Of the entries below, return only those lines from the line with "Rossington Hall weddingphotography" to the line with "Yoga Tri-Fold Brochure - Corporate Brochures", exactly, both included.

··· Input data ···

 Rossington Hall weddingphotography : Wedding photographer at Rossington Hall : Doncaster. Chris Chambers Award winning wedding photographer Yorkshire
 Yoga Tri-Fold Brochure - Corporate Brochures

···
··· Input data ···

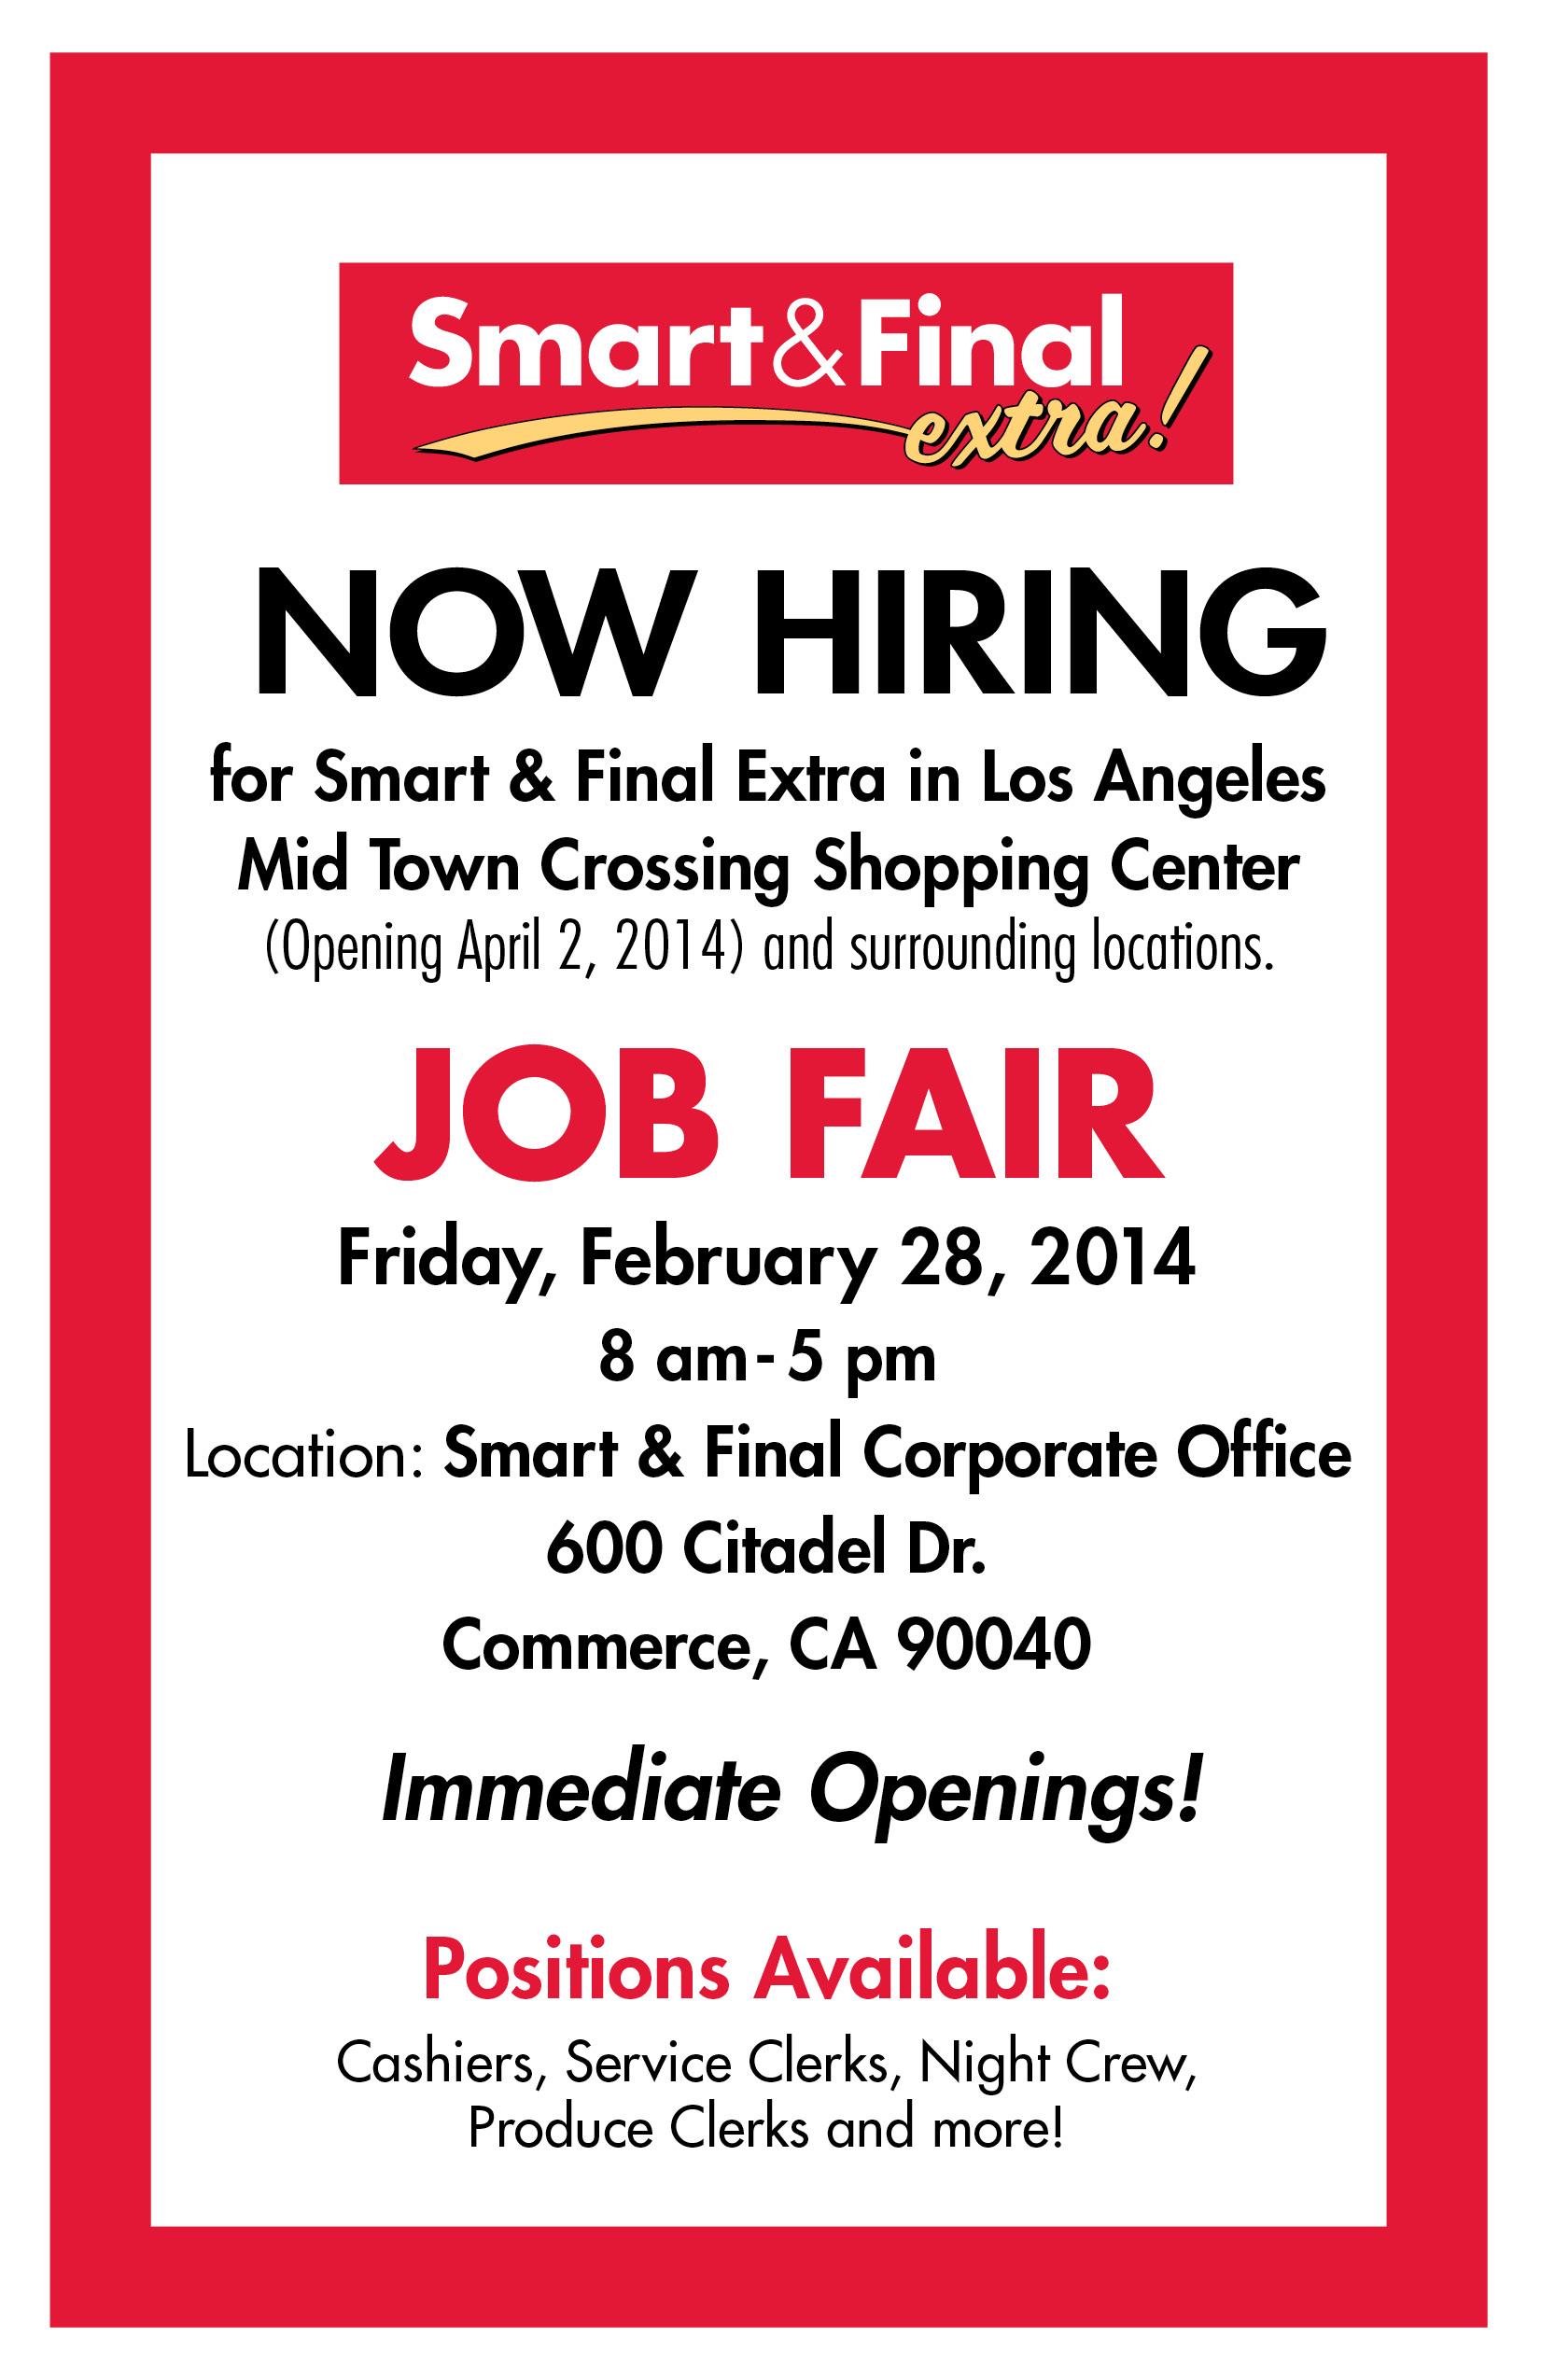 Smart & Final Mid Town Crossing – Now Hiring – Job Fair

···

_Solution to the exercise_:
 Rossington Hall weddingphotography : Wedding photographer at Rossington Hall : Doncaster. Chris Chambers Award winning wedding photographer Yorkshire
 Yoga Tri-Fold Brochure - Corporate Brochures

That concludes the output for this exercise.